At least Henry still supports the company tax cuts recommended in his Tax Review of 2010, arguing that ‘Of course we will have to cut our company tax rate… to drive a faster rate of investment and labour productivity growth that should support higher wage growth over time… But that is only a small part of the required restructuring of the tax system’. Treasury stands by its concerns about Australia’s uncompetitive company tax rates, particularly after the Trump-led widespread international rate cuts, arguing that our needed cuts will not damage the deficit – so the Reserve Bank can stop fussing. The real problem is the leftist anti-business rhetoric that has poisoned the debate, with the Shorten Labor obstructionism being rationalised on the grounds that the time is not appropriate for cuts they say they believe in. But last month’s national caucus decision by Labor’s left faction to oppose any tax cuts for big business ‘in any fiscal environment’ underlines the prospect of a ‘them and us’ conflict reminiscent of the highly unionised strike-prone years of last century.

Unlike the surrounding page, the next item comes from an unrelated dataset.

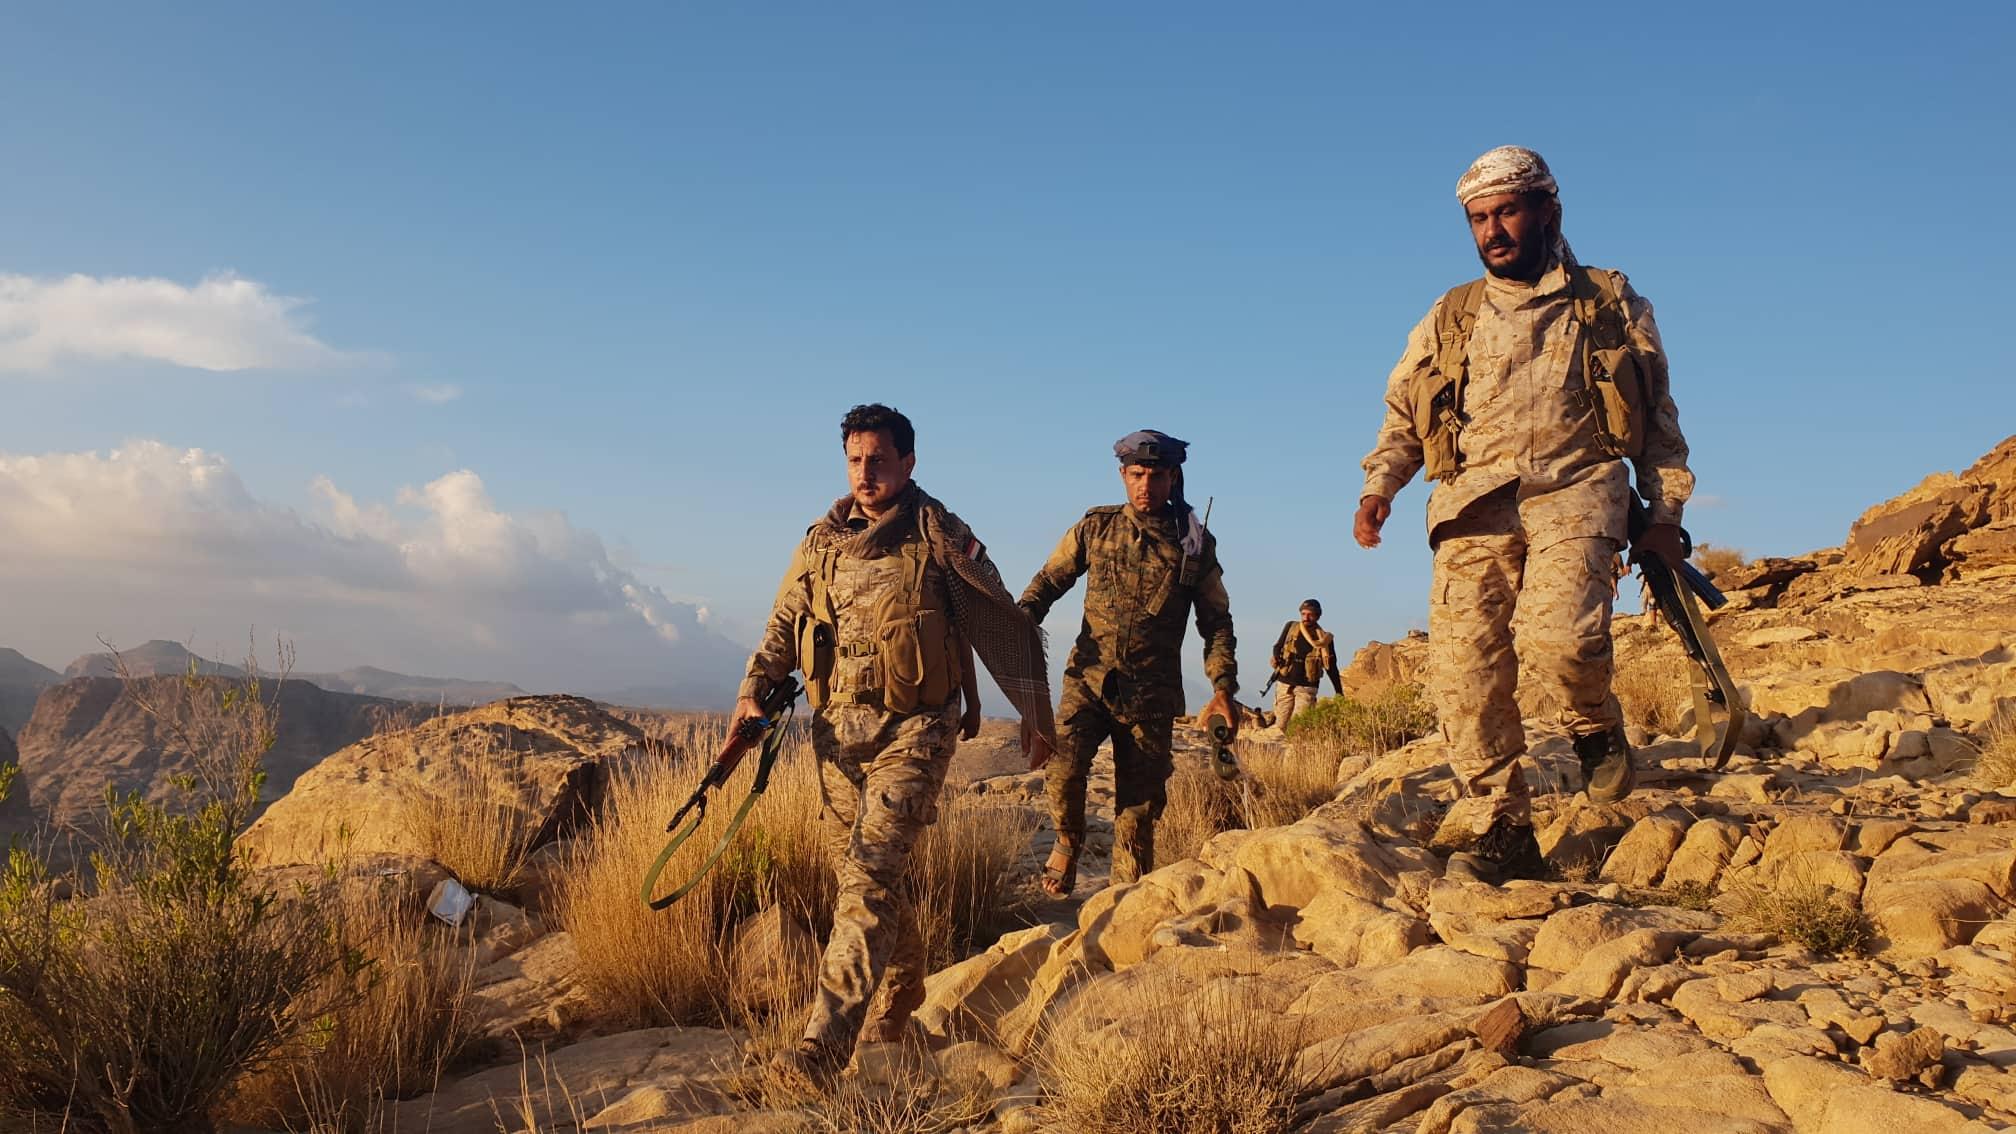 مقتل عدد من عناصر الحوثي في كمين للجيش بصعدة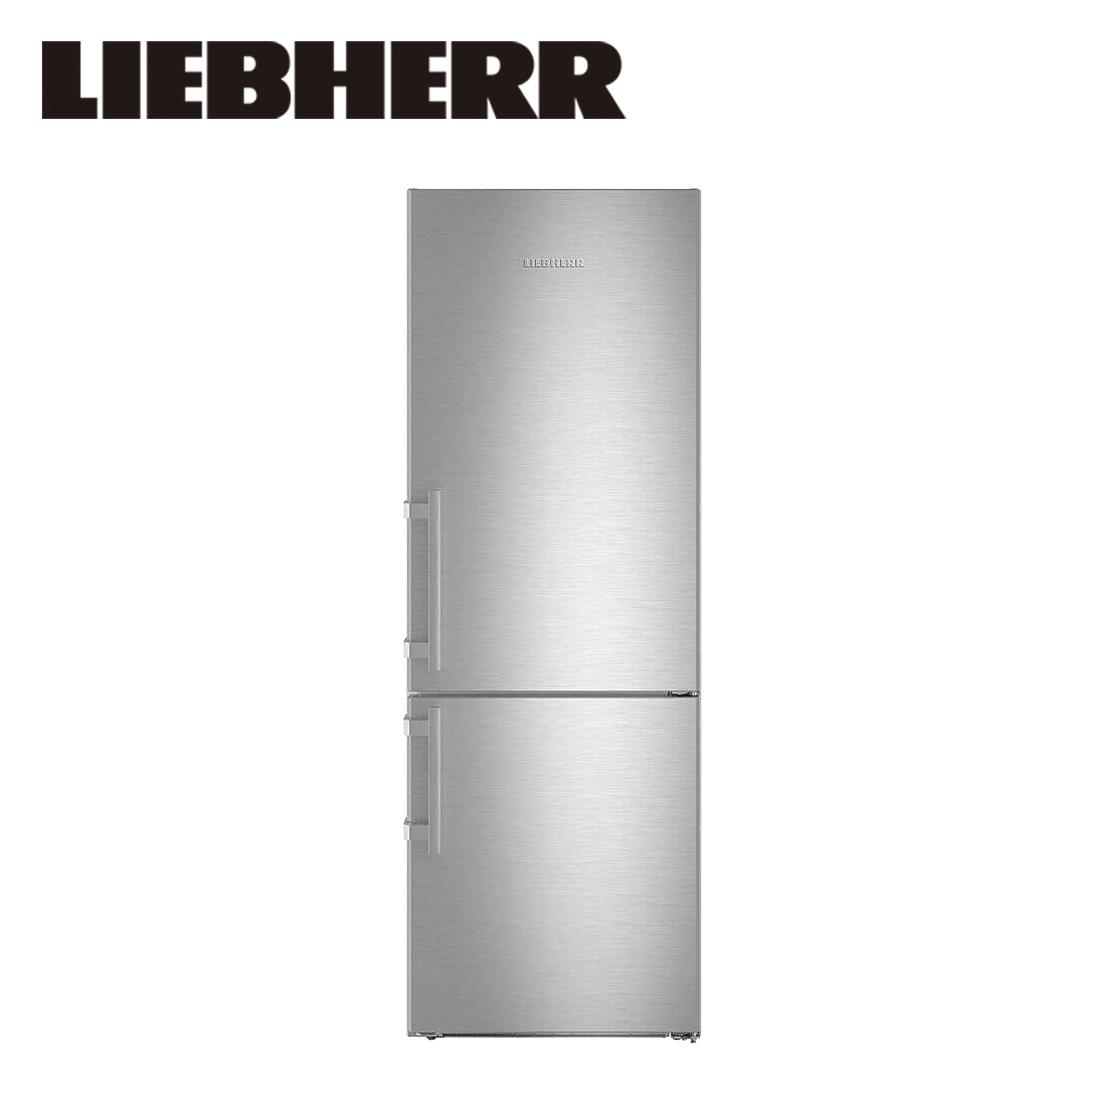 【一都三県は送料・開梱設置無料】リープヘル 冷蔵庫 LIEBHERR CBNef5735 Comfort フリースタンディング Freestanding Fridge-Freezer 冷凍庫【代引不可】

But corporate tax problems are inconsequential compared to the government’s. Henry points to the impossible task facing the personal income tax system in having to generate an unsustainable increasing share of revenue needed to pay for the ever-growing size of government. ‘Our present tax system is not sufficiently robust to finance government spending on average through the economic cycle. It is not capable of supporting the medium-term fiscal strategy that both sides of politics have signed up to…(nor) to generate enough revenue to balance the budget…’.